I think you may have mixed up width and circumference.

gamerchick · 15/10/2019 17:51

I dunno, if I encountered a girth that thick I'd be measuring it as well, just out of curiosity Grin

CravingCheese · 15/10/2019 18:55

@gamerchick

Same. But girth is much more important anyway imo...
nothing worse than a long and thin one imo.
Thin = won't really do anything nice (for me, at least... And I dread to think how that may be after giving birth. And seeing as I am pregnant... Well, anyway.)
Too Long = ouch. So much fucking ouch.

But I feel like I'd also be well served by fingers and a tongue. I like penis in vagina intercourse and do find it rather arousing/nice. But I've also had really great sex without it... If not the best sex, tbh.... 🤷🏻‍♀️

Woodlandwitch · 15/10/2019 18:57

My ex was far smaller than my well endowed DH but it didn’t stop us having decent PIV.

That said, I wouldn’t nessecary LG want to go back to a much smaller one now after experiencing bigger as the orgasms are definitely different but I certainly wasn’t longing for more before

Branster · 15/10/2019 22:36

How do so many people know the exact measurements of the penises they interact with? Do you take partner’s word for it? Do you take actual measurements or do you have a well versed eye?
I have all sorts of comical situations in my head since reading this thread.

Divebar · 16/10/2019 05:23

Oh I think guys often have measured.... I’m sure they have. ( especially if they’re on the larger side). There’s also this unwritten rule that the measurement is in inches for some reason.
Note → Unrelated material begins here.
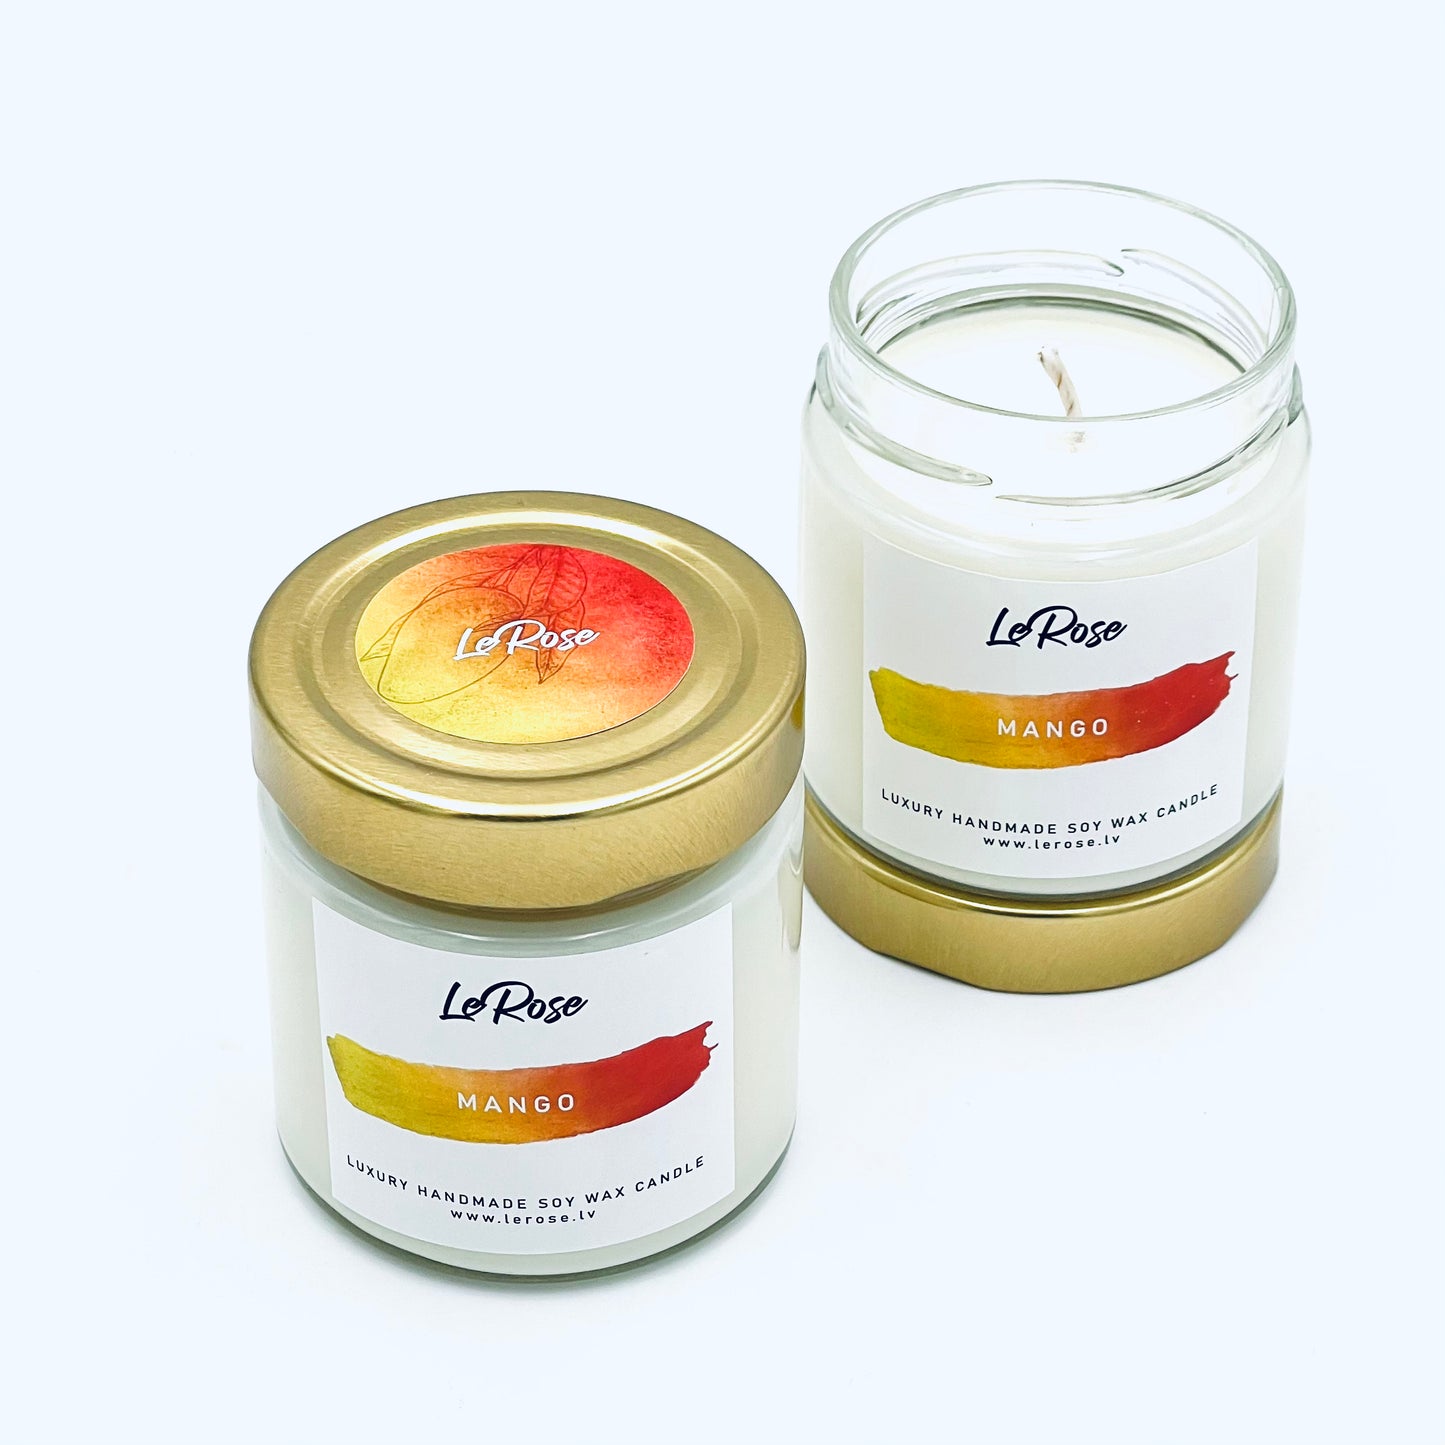 Soy wax candle "LeRose" Mango, 50 h

If a guy ever told me how big he was in Cm I’d be completely flummoxed despite having no problems getting to grips with the metric system normally Wink

Lex234 · 16/10/2019 06:00

There’s also this unwritten rule that the measurement is in inches

Yes, how odd is that-you would think the ones that can be bothered measuring would go for the higher metric number

fantasmasgoria1 · 16/10/2019 06:13

If my fiance wasn't very well endowed I would just talk to him and discuss ways at how we can make things better. My 1st husband =well endowed but crap at sex, couldn't please me, 2nd quite small, good with his hands but piv wasn't particularly good, my fiance now is well endowed and good in bed, piv is excellent if not a little painful at times. I had a few short flings but I can't remember enough about the sex to comment!